Innovation has has gone through a hype phase of popularity and we are argueably on the tail end of the hype. Not that it will fade away or that it is less relevant, but many are tired of hearing about it and so don’t really know how to foster it within their organization. Innovation has always been with us and arguably always will. Having the discussion about innovation allows us to increase our understanding of it and to some degree, harness it.

The problem for many organizations is that innovation activity is not all that effective when shoved off to an isolated “innovation group” who may be disconnected from the rest of the organization and not given the tools and resources or permission to feedback into the organization. That’s where culture somes in and the word fostering (encouragement; aiding the development of something ) comes in. An organization truly must get behind the idea of innovation for it to thrive and provide any real return on innovation investment (ROII).

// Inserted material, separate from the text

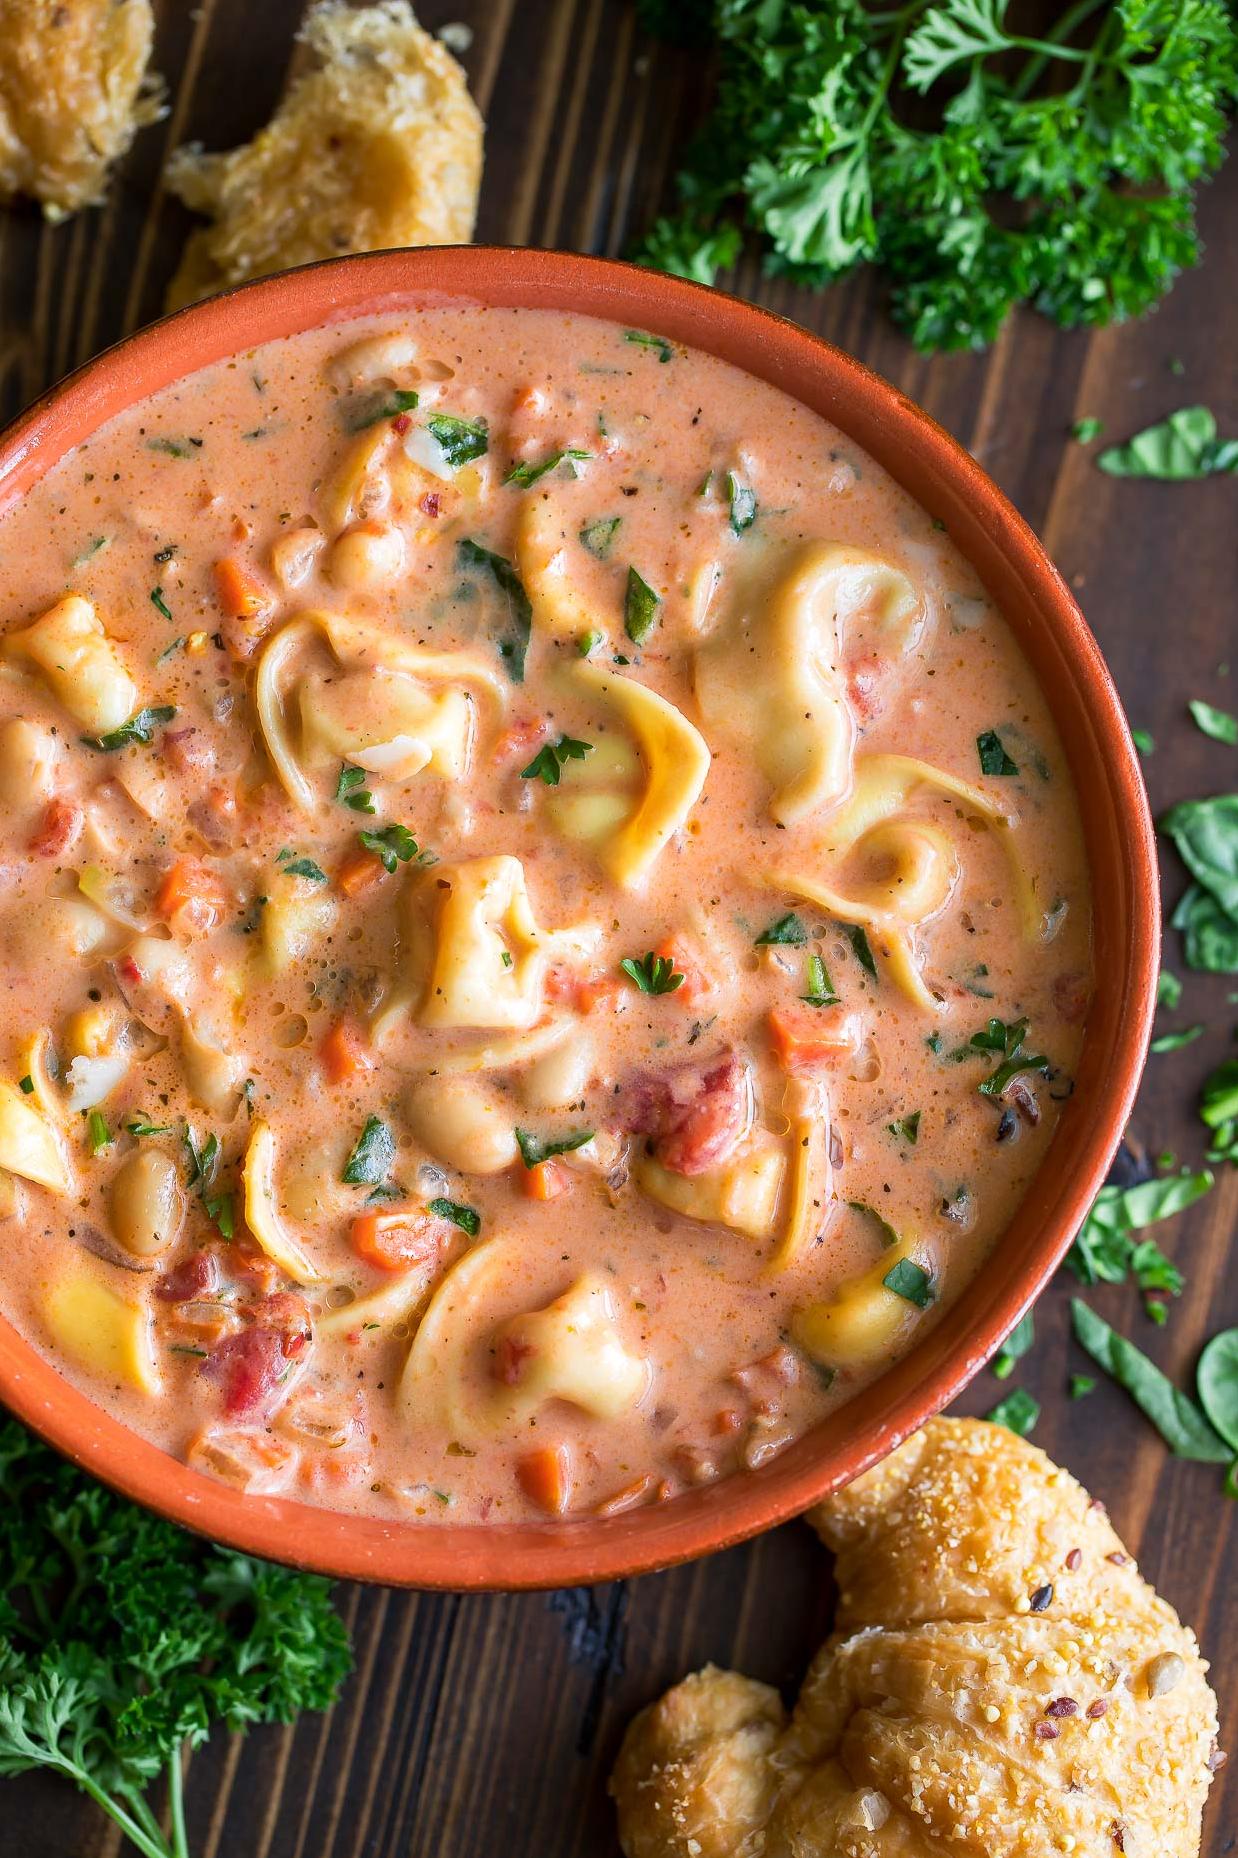  Dive into a bowl of comfort with this vegetarian tortellini soup!

So innovation can be (and should be) fostered throughout an organization and even pushed a little. You might consider identifying people, or teams to have a defined role to push the innovation agenda forward (let’s call them innovation teams for now). you might allocate time for these teams to work on an innovation agenda; brainstorming, research, idea sponsoring, problem solving, opportunity identification. Now that you have primed the pump of innovation by giving some people the permission (and mandate) of innovation, give them the tools to do it.

Can your innovation team be innovative? Let’s assume that the people on your innovation team want to be there and have bought into the concept… are they ready… do they have the skills? They may be ready, but likely they will benefit from support, as in training or learning. This is currently an area of interest for me. How might we train people in innovation or to be more innovative. There are numerous brainstorming and ideation excercises out there, but I’m thinking that we also need to help our “inovators” develop the skills in design and creative thinking. Creativity is the foundation for innovation. It will allow us to see things differently, to explore how the other side of our brain might solve the problem or exploit an opportunity. The excercises and brainstorming sessions are the tools to use to move forward, while creative, design thinking are the hands that will manipulate and guide the tools.

Now that there is a group in your organization with the premission for innovation and they have the tools and skills for creative problem solving (and more), make sure they have the infrastructure to make it effective. Innovation will require a governance structure appropriate for your organization, the support from the top, it will also require tools for collaboration, communication, sharing and knowledge management.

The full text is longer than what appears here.